== Supplied data ==
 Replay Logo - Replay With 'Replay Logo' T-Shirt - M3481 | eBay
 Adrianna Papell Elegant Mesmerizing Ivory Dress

* * *

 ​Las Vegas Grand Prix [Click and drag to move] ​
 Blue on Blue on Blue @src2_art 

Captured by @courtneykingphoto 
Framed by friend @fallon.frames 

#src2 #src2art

--

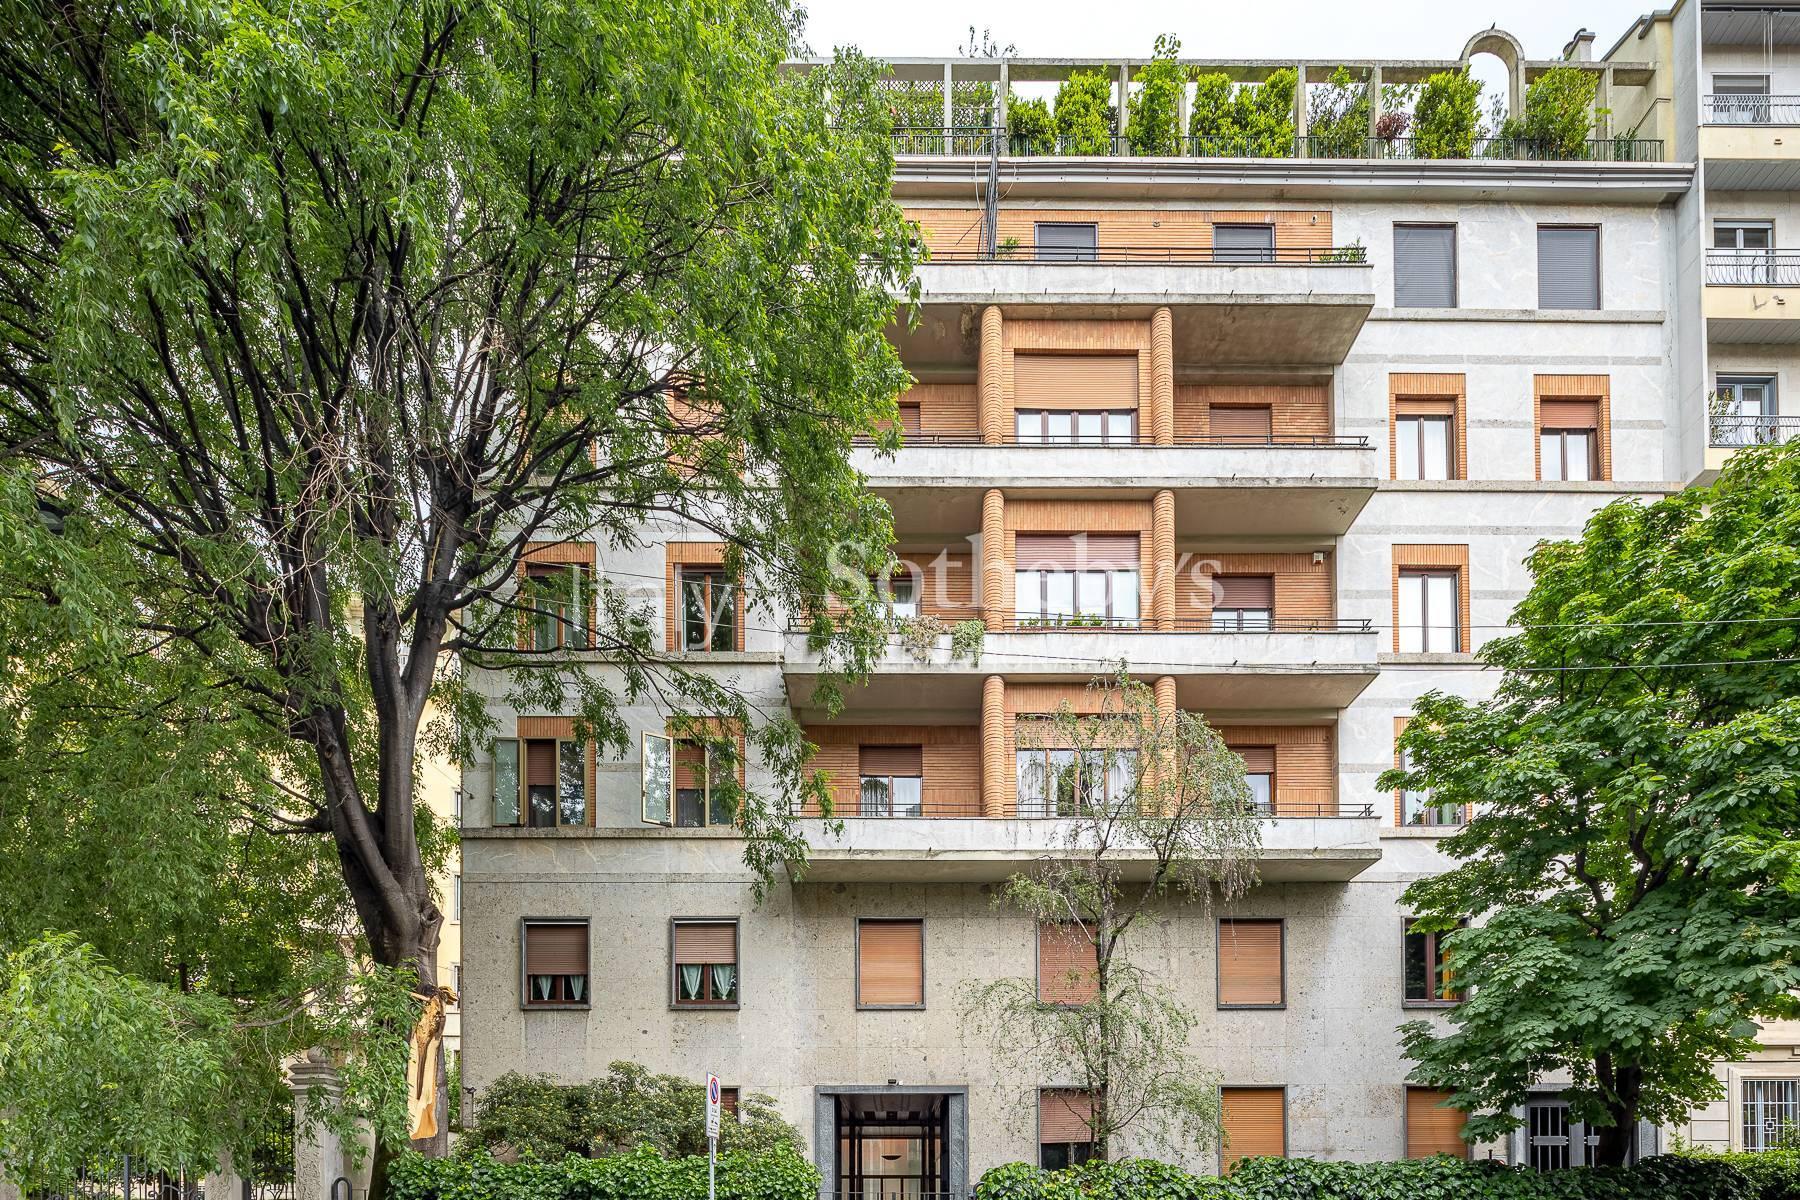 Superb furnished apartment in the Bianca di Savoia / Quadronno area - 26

== Exercise requirements ==
Reproduce exactly the lines of the records above from the one with "Replay Logo - Replay" to the one with "Adrianna Papell Elegant", both included, and leave out everything else.

== Task solution ==
 Replay Logo - Replay With 'Replay Logo' T-Shirt - M3481 | eBay
 Adrianna Papell Elegant Mesmerizing Ivory Dress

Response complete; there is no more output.